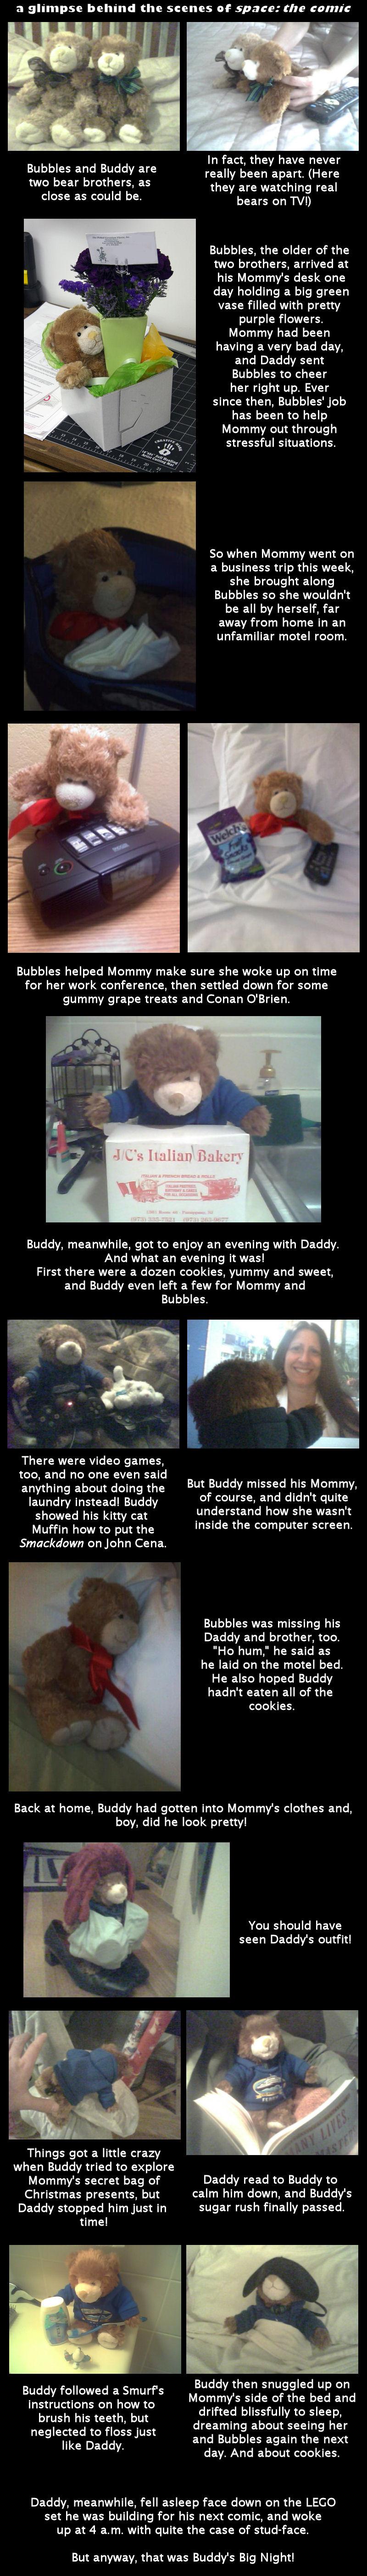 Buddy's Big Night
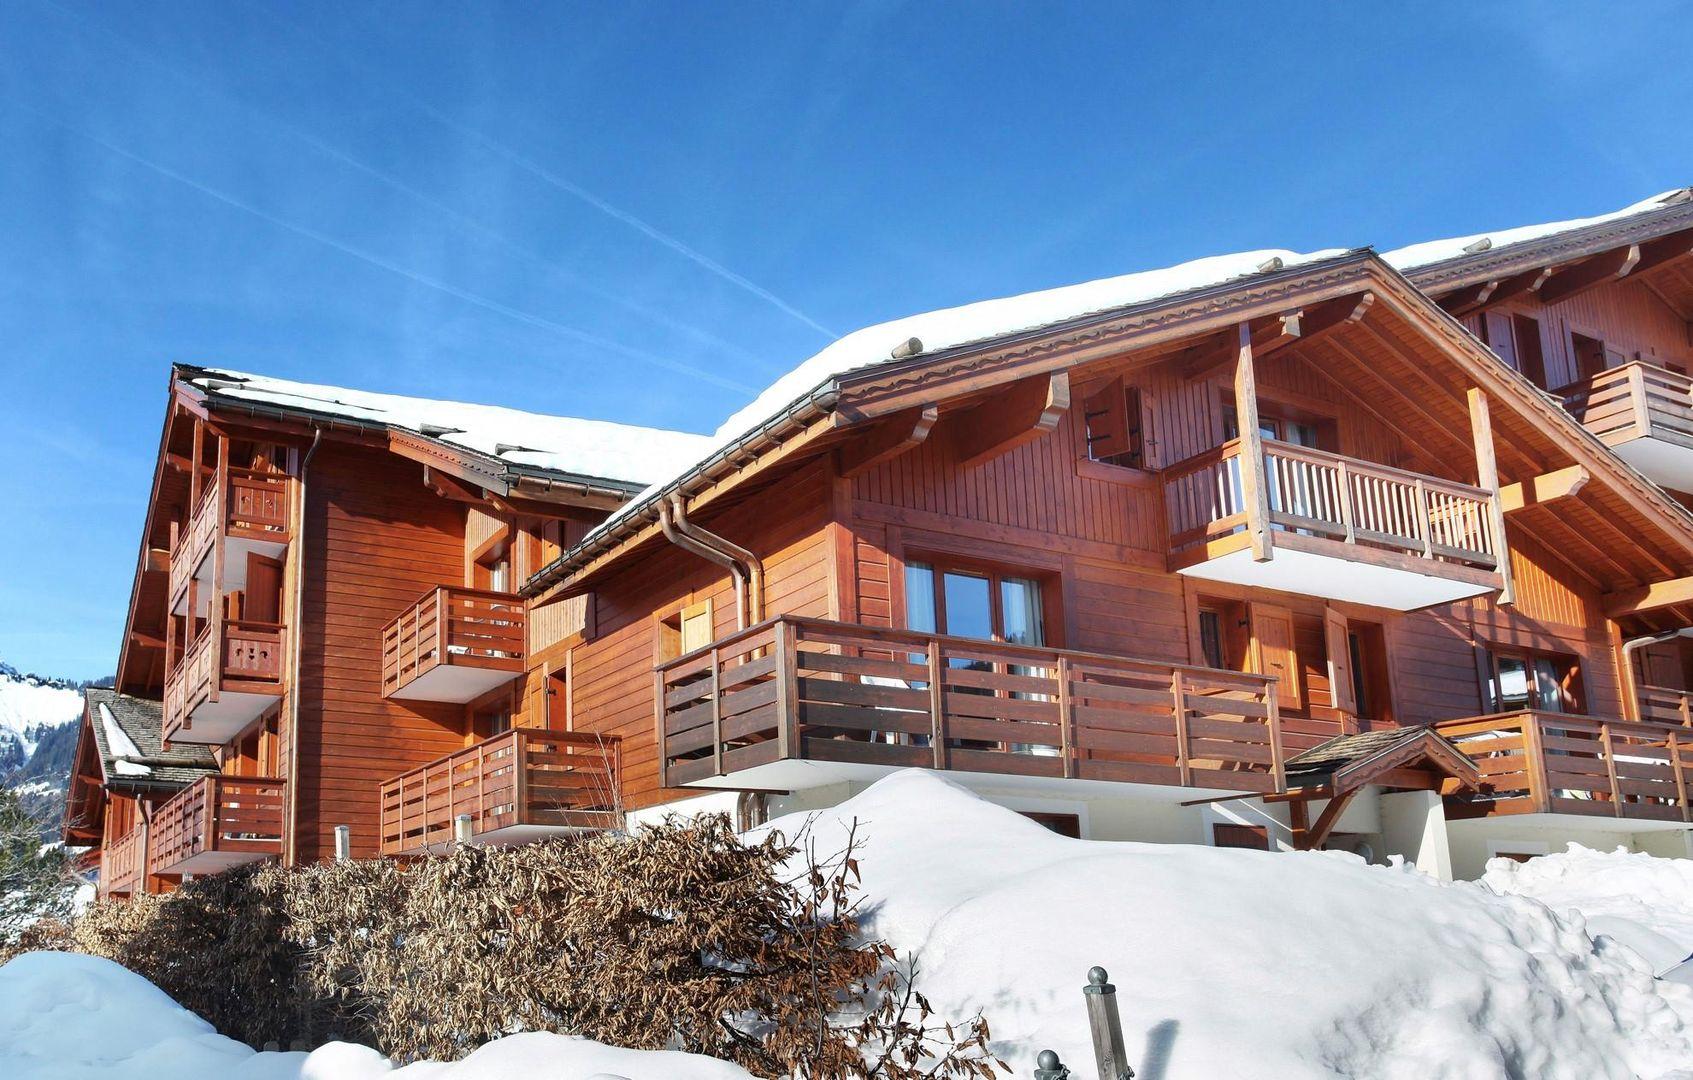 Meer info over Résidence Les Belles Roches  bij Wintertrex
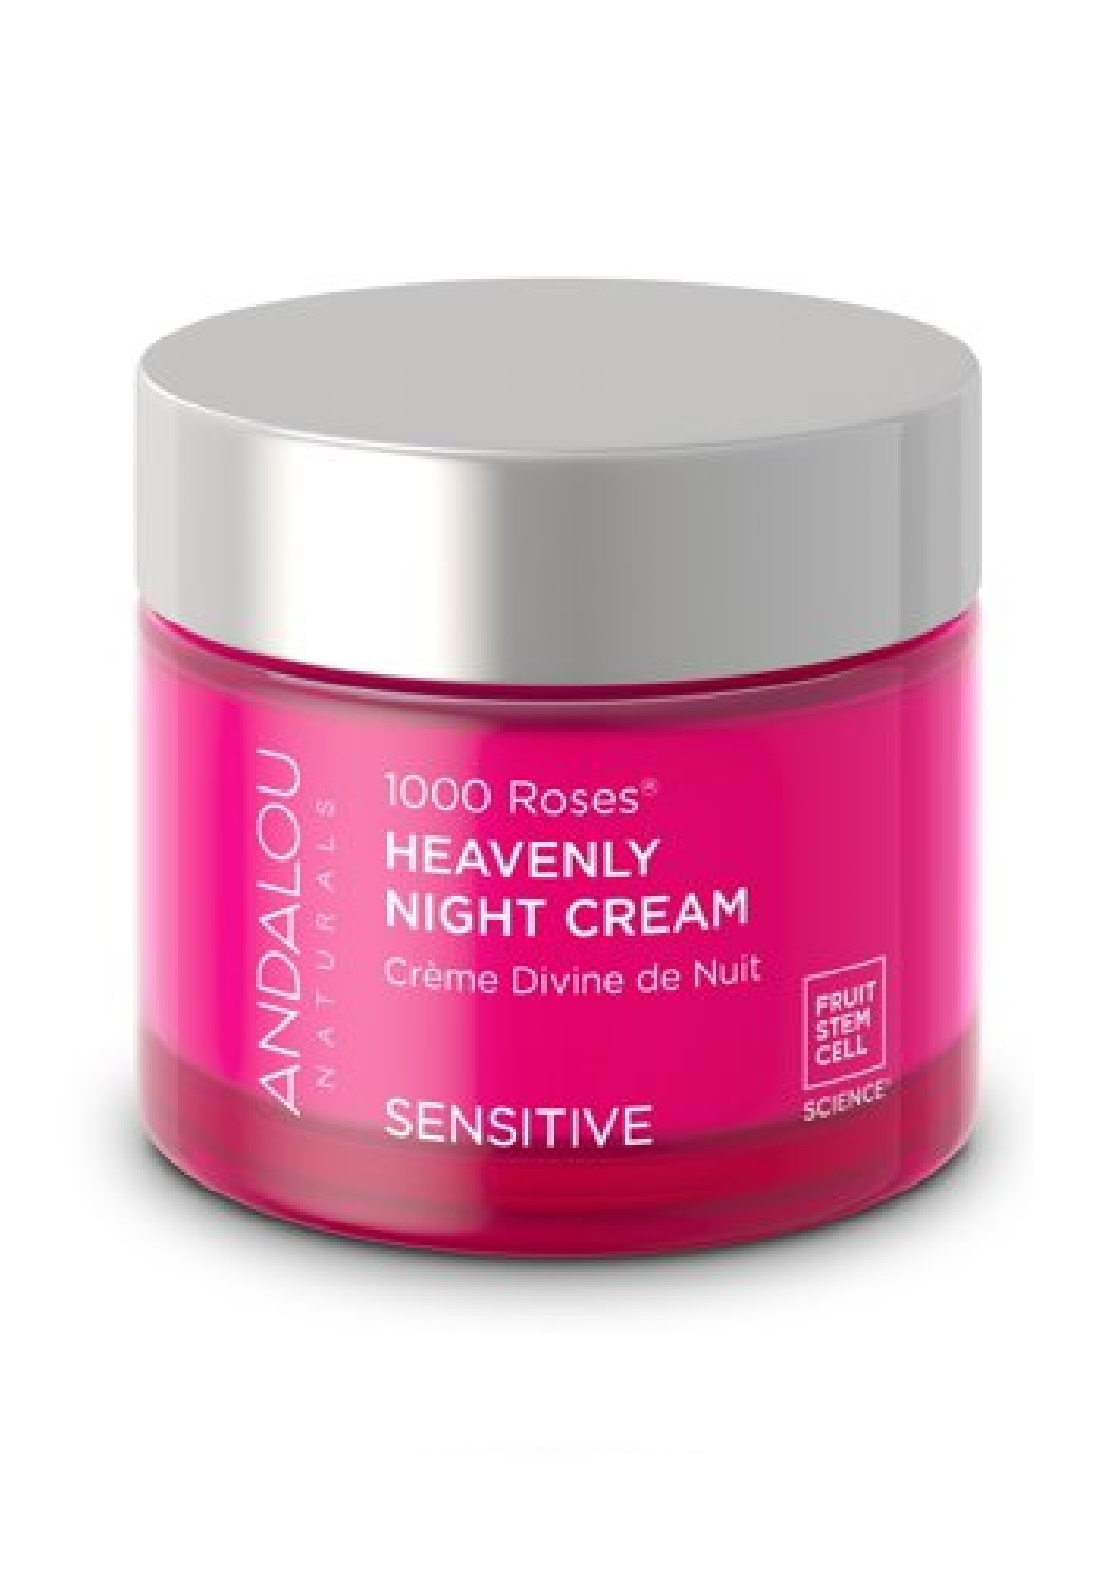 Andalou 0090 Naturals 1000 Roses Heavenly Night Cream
########################################
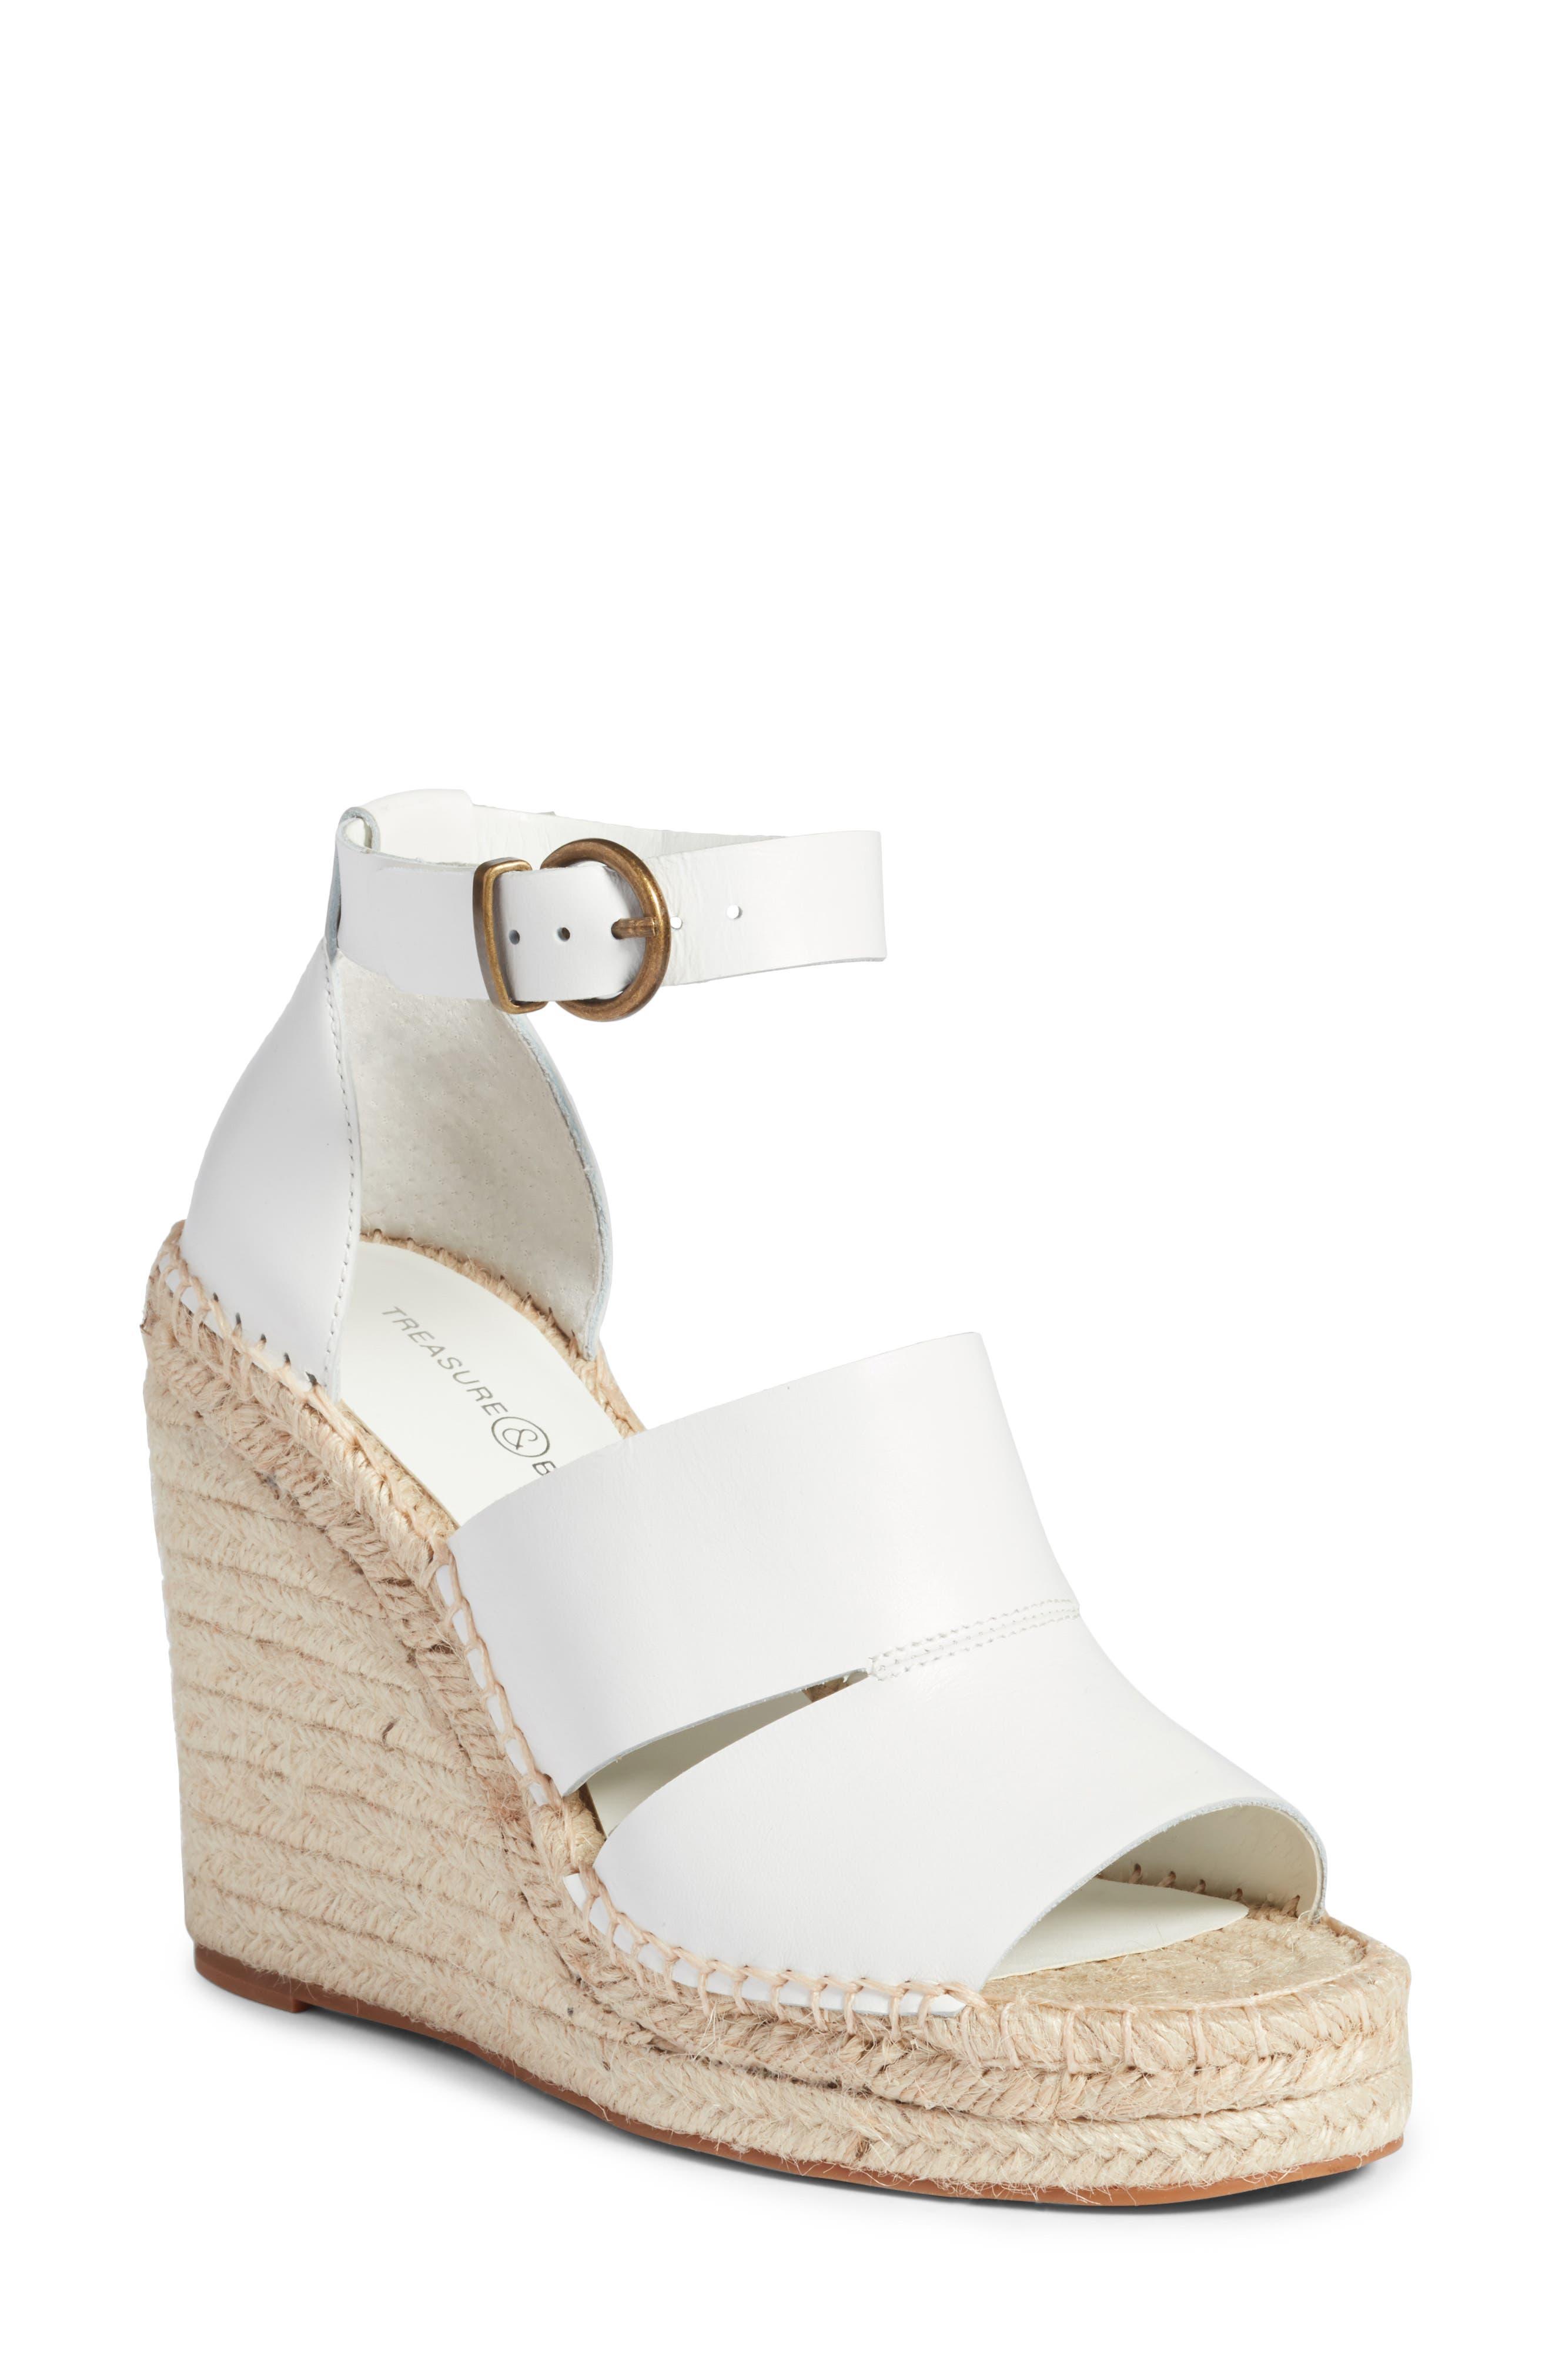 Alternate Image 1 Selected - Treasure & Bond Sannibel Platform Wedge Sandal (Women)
########################################
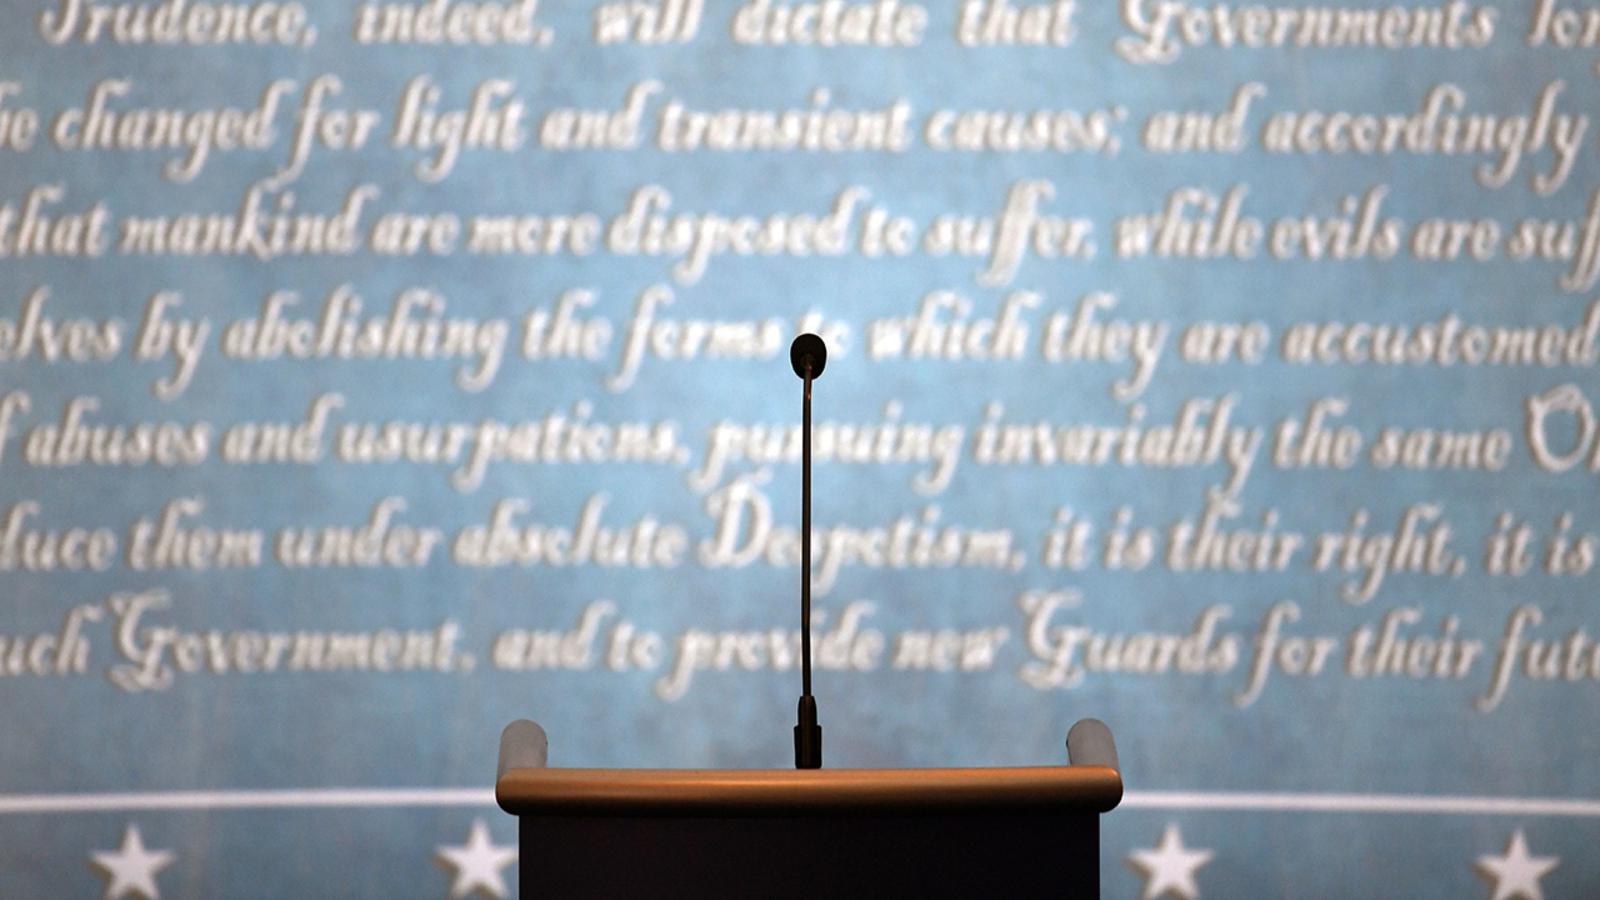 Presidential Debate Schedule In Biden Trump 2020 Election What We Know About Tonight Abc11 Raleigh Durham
########################################
• _Problem_: With the pictures removed, print only the lines starting at the line that has "Buddy's Big Night" and ending at the line that has "Andalou 0090 Naturals", both ends included, exactly as they stand above.

• _Exercise answer_:
 Buddy's Big Night
 Meer info over Résidence Les Belles Roches  bij Wintertrex
 Andalou 0090 Naturals 1000 Roses Heavenly Night Cream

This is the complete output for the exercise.